By Anna Louie Sussman
NEW YORK (Reuters) - Oil prices rose and gasoline futures hit a three-month high on Friday, fueled by spread trading and supply concerns.
A string of glitches at U.S. refineries and strikes at four Total refineries in France lifted U.S. RBOB gasoline futures 1.5 percent, and they touched the highest level since early September.
"We have strong demand going into the holiday. We're expecting record holiday travel, so we're going to use more gasoline," said Phil Flynn, an energy analyst at Price Futures Group in Chicago.
Further support came as data showed the U.S. economy grew at its fastest pace in almost two years in the third quarter, signaling potentially stronger fuel demand.
Gains in international benchmark Brent crude outpaced those in U.S. oil futures.
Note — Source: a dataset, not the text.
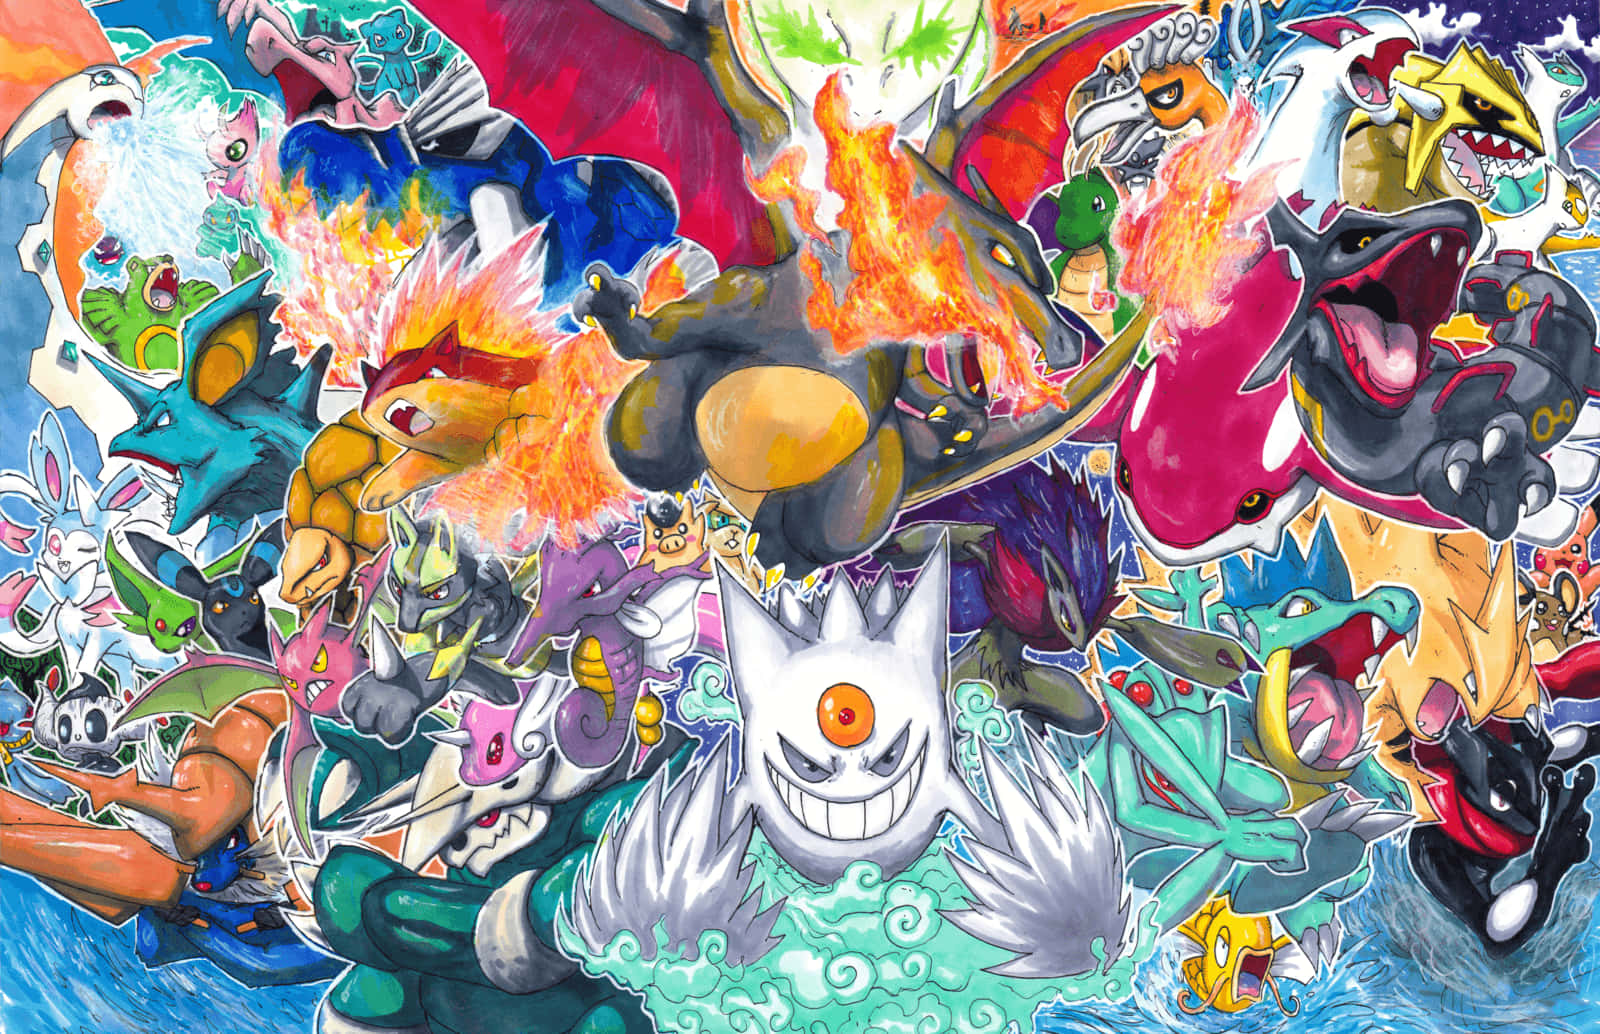 "Collect them all - Every Legendary Pokemon!" Wallpaper

Market players said the narrowing in Brent's premium to U.S. crude to $10 a barrel earlier this week had been overdone.
"The strength in Brent is tied toward pushing that spread out," said Addison Armstrong, director of market research at Tradition Energy in Stamford, Connecticut.
Brent crude gained $1.48 to settle at $111.77 a barrel. The crack, or difference, between Brent crude oil futures and gasoline widened to a more than three-month high of $5.70 per barrel.
U.S. oil settled up 28 cents at $99.32 a barrel.
Speculators added bullish bets to their U.S. crude futures and options positions in the week to December 17, the U.S. Commodity Futures Trading Commission said on Friday.
Brent prices were also underpinned by continuing disruption in Libya, where crude exports have dropped to 110,000 barrels per day (bpd) from more than 1 million bpd in July.
The OPEC producer is stepping up fuel imports as a mix of militias, tribesmen and civil servants demanding political rights, or a greater share of Libya's oil wealth, have occupied several oilfields and ports.
Violence in South Sudan threatened to disrupt oil production in the two-year-old nation as fighting reached vital oilfields.
China National Petroleum Co , a leading oil investor in South Sudan, said on Friday it was evacuating oil workers from its oilfields to the capital, Juba.